Ein nüchternes Fazit zieht der Autor Frédéric Schilden der „Welt„, wenn er seinen Bericht über den Katholikentag mit der Überschrift „Hier schafft sich der Katholizismus ab“ einleitet. „Auf dem 102. Katholikentag ist vom katholischen Glauben wenig bis nichts zu spüren. Irgendwann weiß keiner mehr, ob man in der SPD-Zukunftswerkstatt, beim Diversity-Event von Google oder im Sommercamp der Grünen Jugend ist.“
Martin Brüske, promovierter Theologe und Philosoph: Nach meinem Eindruck war die geistliche und intellektuelle Substanz dieses Katholikentages sehr gering. Das Christentum verliert so jede Kontur. Wieso sollte es Interesse finden? Nur ein christlicher Glaube, der sich auf seinen innersten Kern besinnt – dass Gott, der Vater durch Jesus Christus im Heiligen Geist uns Menschen Vergebung, Gemeinschaft und erlöste Freiheit schenken will – verdient Aufmerksamkeit. Er wird in vielen Punkten sperrig und kantig sein – und zugleich, gerade auch heute, die tiefste Sehnsucht vieler Menschen ansprechen. Christinnen und Christen, die das in Formen gelingenden Lebens deutlich machen, sind interessant.

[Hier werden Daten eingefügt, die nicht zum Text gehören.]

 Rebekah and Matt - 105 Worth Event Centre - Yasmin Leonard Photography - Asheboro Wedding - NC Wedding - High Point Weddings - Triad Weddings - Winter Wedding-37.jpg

Die Dialogpredigt von von Bischof Dr. Georg Bätzing mit der Direktorin des Katholischen Bibelwerkes, Dr. Katrin Brockmöller bot nicht einmal den Ansatz einer ernsthaften Auslegung der Heiligen Schrift. Die Direktorin ordnete unwidersprochen die drei Texte aus dem Neuen Testament ein als „mehrdeutige Literatur“, die „manchmal widersprüchlich“ sei und unser Gespräch benötige. Klar ist damit: Die Schrift ist hier nicht mehr das durch Menschen vermittelte Zeugnis der Selbstoffenbarung Gottes, das mich als Hörenden zugleich richtet und rettet, wenn ich im Glauben darauf antworte, sondern ein irgendwie religiöser Text, der mir zum Anlass relativ beliebiger Assoziationen wird.

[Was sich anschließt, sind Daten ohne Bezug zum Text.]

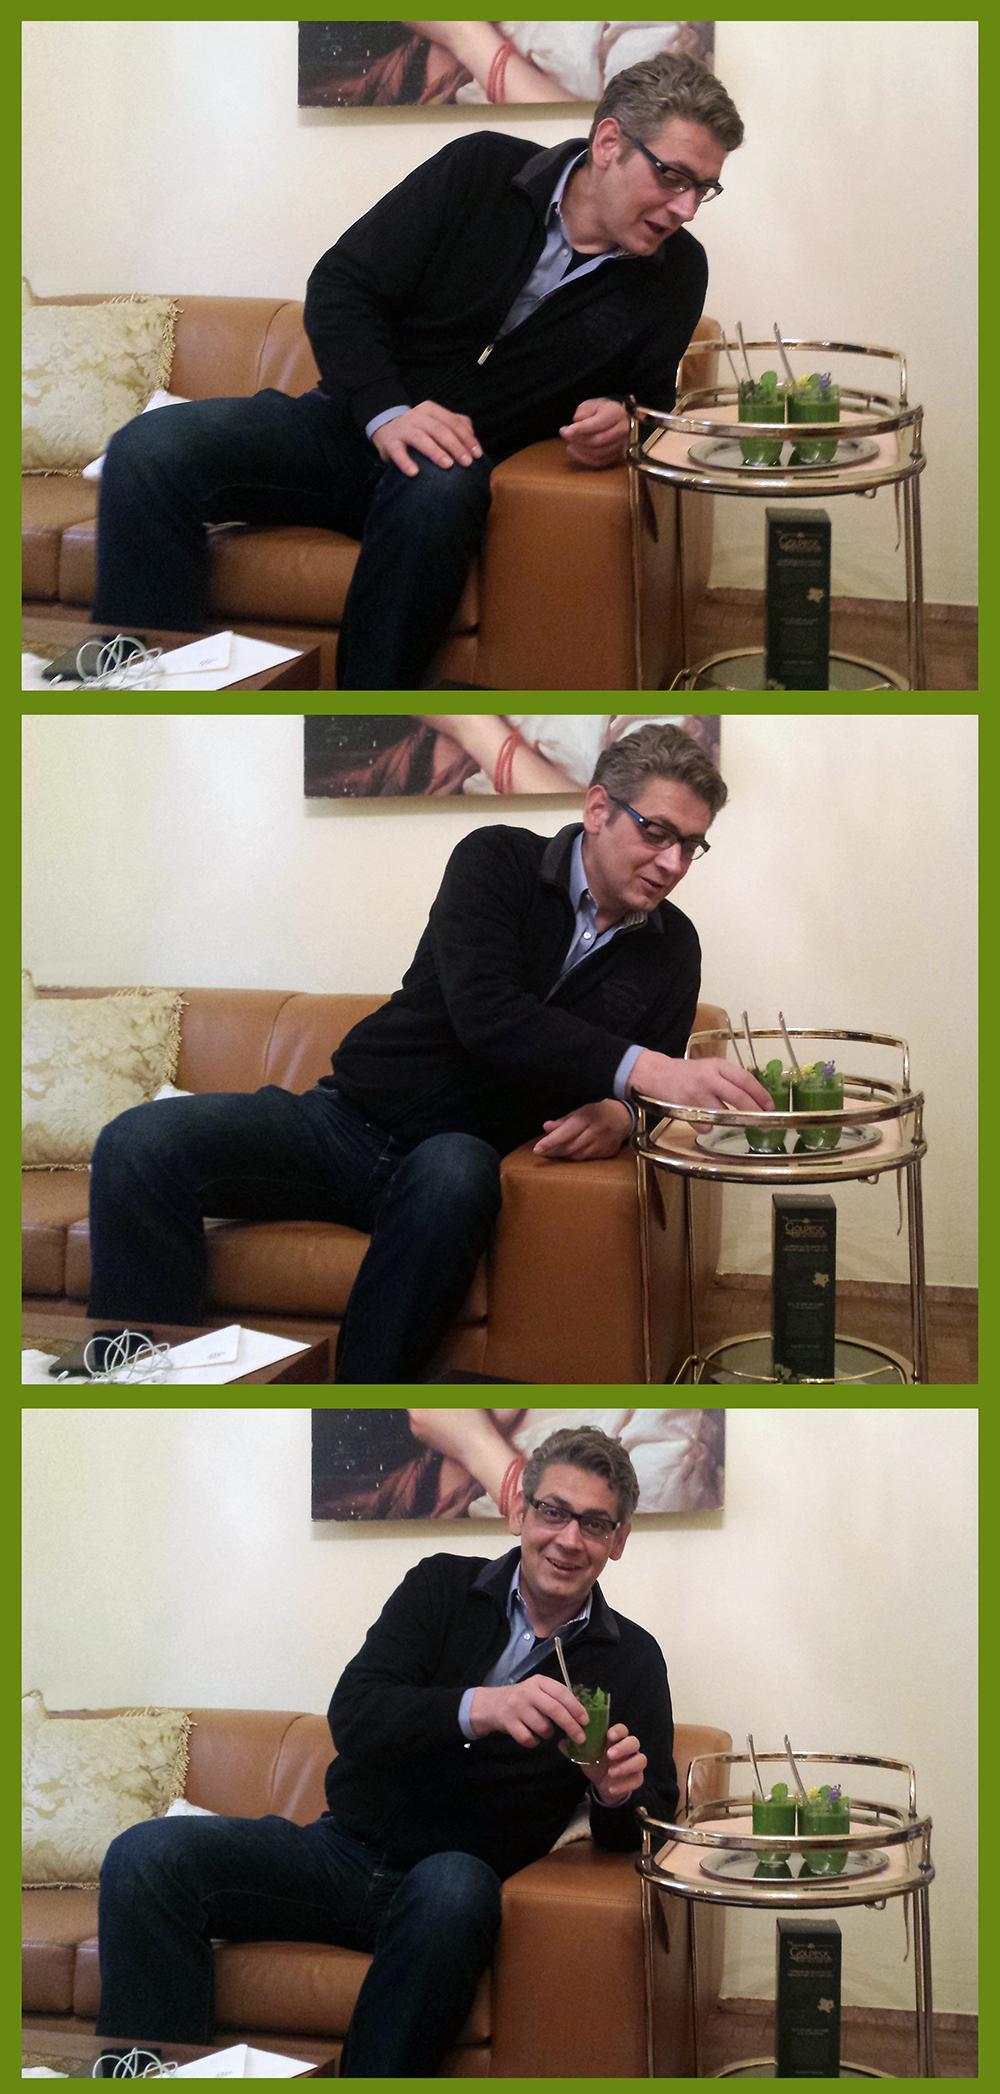 Gerhard_kostet_Smoothies

Zum Kommunionempfang durch die Landtagspräsidentin Muhterem Aras, eine Muslima: Als Andersgläubige dürfen wir kein Eucharistieverständnis von ihr erwarten. Ein angemessenes Bewusstsein für die Bedeutung der Gegenwart des Herrn in der eucharistischen Gestalt ist offenbar verschwunden; gleichzeitig ist die Kirche nicht mehr in der Lage, unsere katholischen Kernvollzüge öffentlich zu kommunizieren.
Die Weigerung, wie bisher während des Katholikentages für den Lebensschutz eintreten zu können, ist also von hoher Symbolkraft: Die Programmkommission befand, dass der Bundesverband nicht eindeutig christlich sei. Damit sagt sie wenig über den Bundesverband, aber sehr viel über sich selbst. Drei Punkte:
1. Für die Organisatoren des Katholikentags ist das Engagement für den Lebensschutz nicht mehr eindeutig und klar dem christlichen Glauben zuzuordnen. Man muss sich das auf der Zunge zergehen lassen.
2. Die Nicht-Zulassung gerade zur „Kirchenmeile“ mit ihrem vielfältigen Spektrum sagt: Lebenschutz-Engagement ist nicht einmal mehr in der Toleranzbreite des Bunten.
3. Das zeigt wohin ethisch und kirchlich die Reise geht.